For instance, I could say that part of my personality is being a prolific blogger, but that would only apply to my career. If I dig deeper, I can see that my blogging stems from tuning into inspiration and wanting to inspire people. Now I’ve identified a part of me that I can express richly in any area of my life. I can inspire my friends just as I can inspire my online readers.

Do your best not to compartmentalize your personality aspects by limiting them to only one channel of expression. If an aspect is really you, then it’s still you whether you’re at work, at home, or traveling around the world.

I’d strongly suggest limiting yourself to 7 aspects maximum. If you have more than that, it’s fair to say that you can combine some of them by getting closer to your core.

Missing something – This is another issue that can be ironed out over time. You may recognize that there’s another part of your personality that wants to have a say in your life, but you haven’t identified or labeled it yet. When you revise your list, you can try to incorporate what’s missing.

I mentioned in the original article on this topic that I knew I was missing something in my first list, and I briefly described what I thought it was. Since then I’ve been able to understand that aspect better and incorporate it in my revised list.

Being too mental – I’ve found that all of my core aspects have deep emotional roots. I observed that a number of people sent me personality lists with some very mental items on them, such as The Brain, The Thinker, The Problem Solver, etc. That might be okay for some people, but when I tried to apply such aspects to goal setting, I discovered that they didn’t provide much juice in terms of motivation.

When I refined my list, I made an effort to make sure that every item had a strong emotional layer beneath the surface. I wanted aspects that expressed my heart as well as my head. Some people may find it helpful to separate the mental aspects of their personality from the emotional ones. I found it much more helpful to merge thought and feeling into every aspect. That seems to give me the most juice when deriving action ideas to express my personality, and it makes my list feel more balanced as well. I suggest you experiment here to see what works best for you.

My Updated List

Let me share in more detail how I revised my first list to create my second list. I think you’ll appreciate seeing how it evolved.

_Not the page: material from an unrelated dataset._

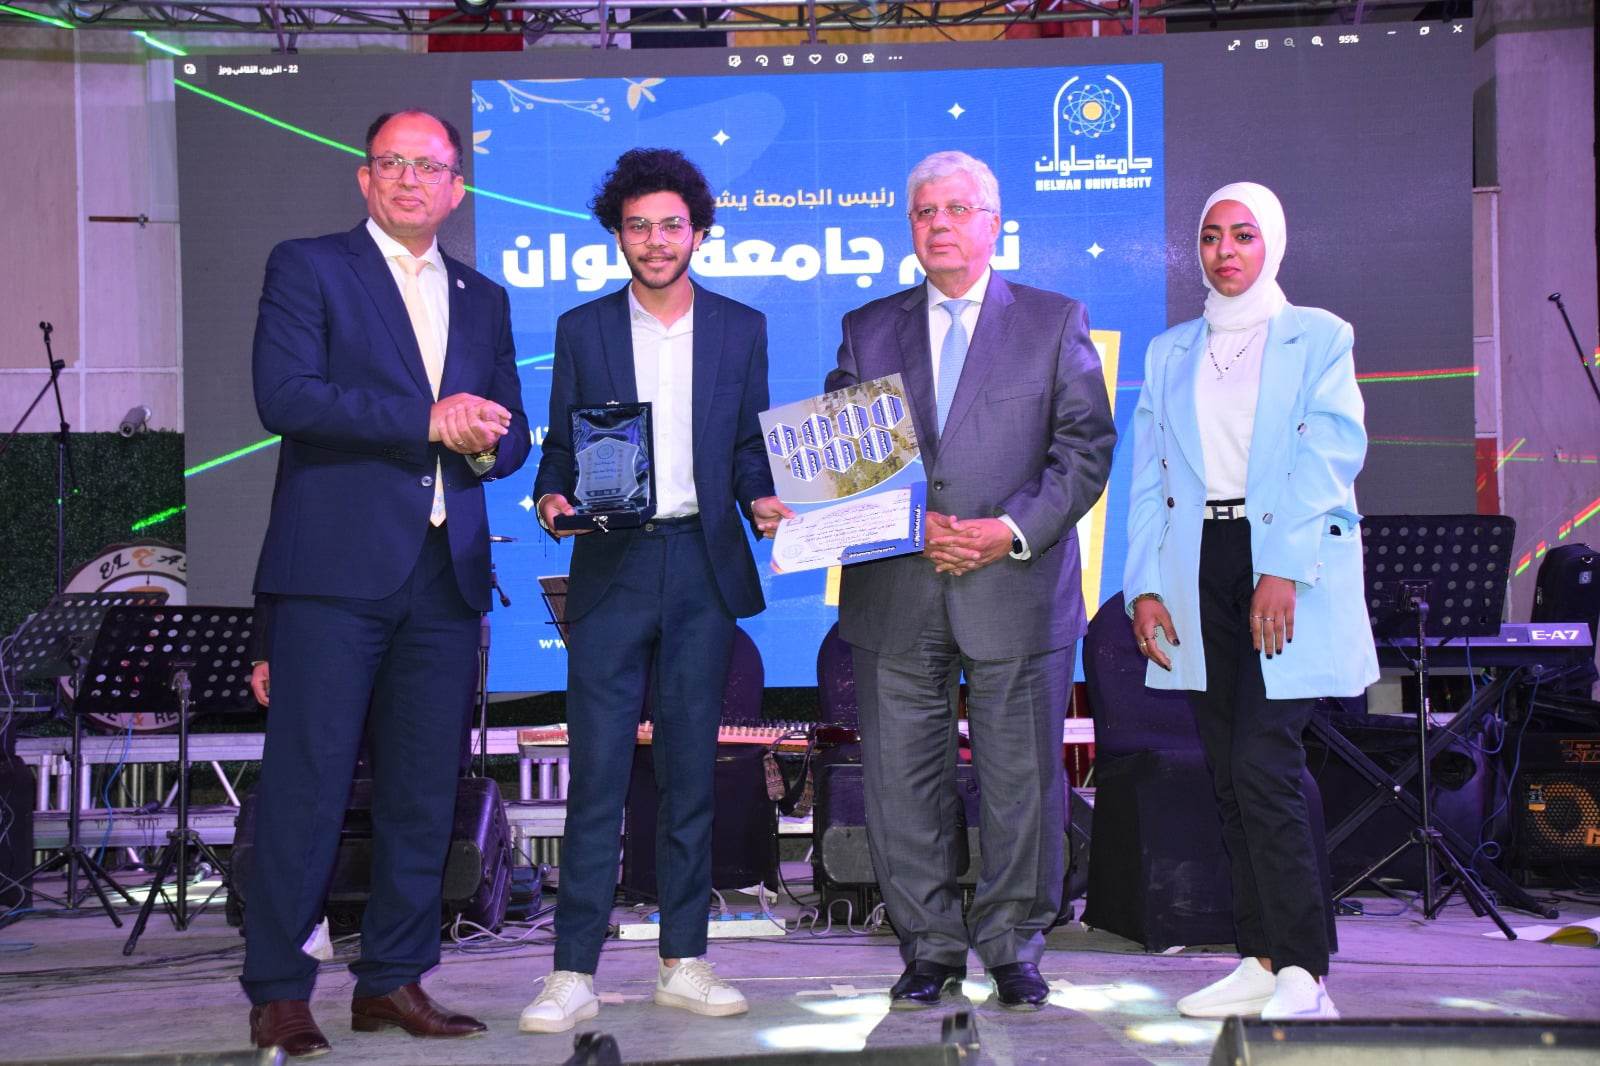 وزير التعليم العالي يشهد فعاليات تكريم الفائزين في مسابقة "أنت النجم" بجامعة حلوان
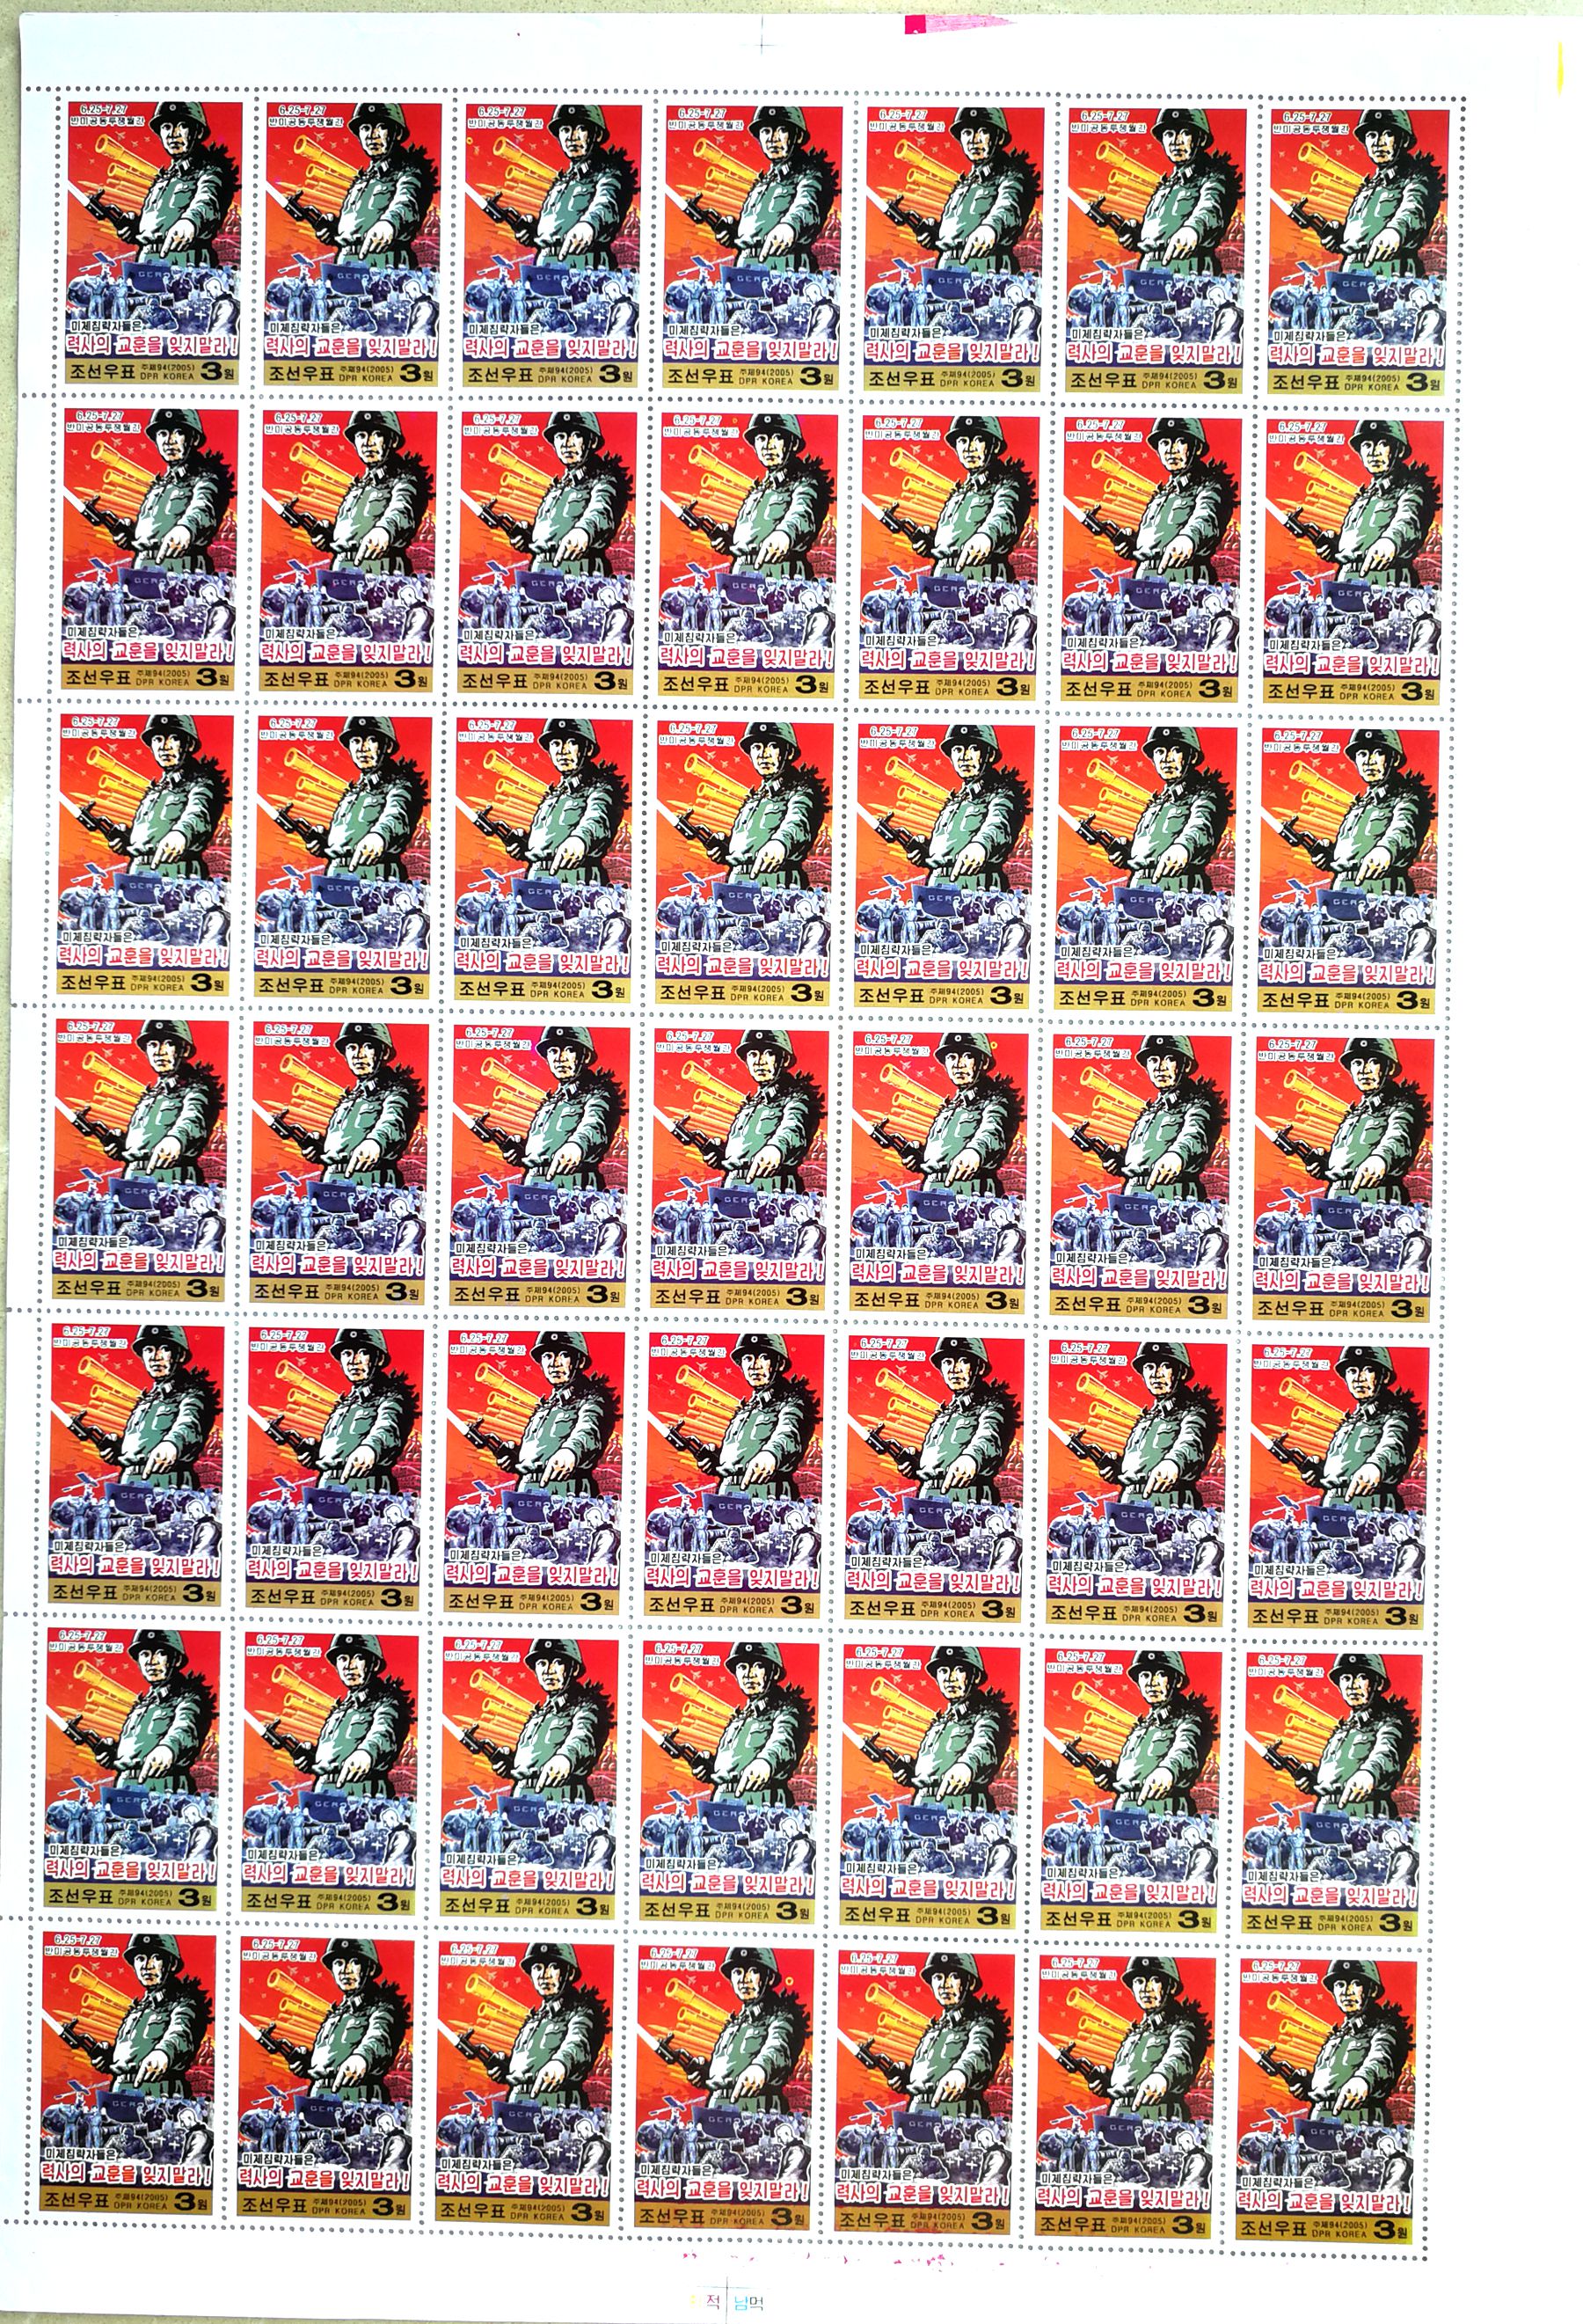 L4484, Korea "Anti-USA Joint Struggle", Full Sheet of 49 Pcs Stamps, 2005

Here’s a copy-paste of my original personality aspect list from the previous article:

  1. The Explorer – The part of me that loves to learn, grow, and explore. This part loves traveling, making new friends, and new experiences.
  2. The Guide – The part of me that loves to teach and help people grow. This part especially loves to express himself through writing and speaking.
  3. The A-Player – The part of me that enjoys being effective, efficient, and successful. He’s competent and confident. He doesn’t need praise or acknowledgement to function well, and negative criticism just bounces off of him. He trusts himself. And he especially likes to connect and work with other A-players.
  4. The Member – The part of me that loves to connect with interesting people, to volunteer, to be social, and to belong. This part of me served as President of a non-profit association, was active in Toastmasters, was a member of the Transformational Leadership Council, administered multiple successful discussion forums, and hosted public meet-ups in different cities.
  5. The Champion – The part of me that loves to eat healthy, exercise regularly, and pop out of bed well before dawn. This part loves to keep training to become stronger, faster, smarter. He ensures that I have abundant physical and mental energy.
  6. The Master – The part of me that loves to be in control. He has a strong need for order, structure, and neatness. He stays calm under pressure and is very good at managing his emotions. This part especially loves D/s play. He welcomes responsibility and likes to be in charge.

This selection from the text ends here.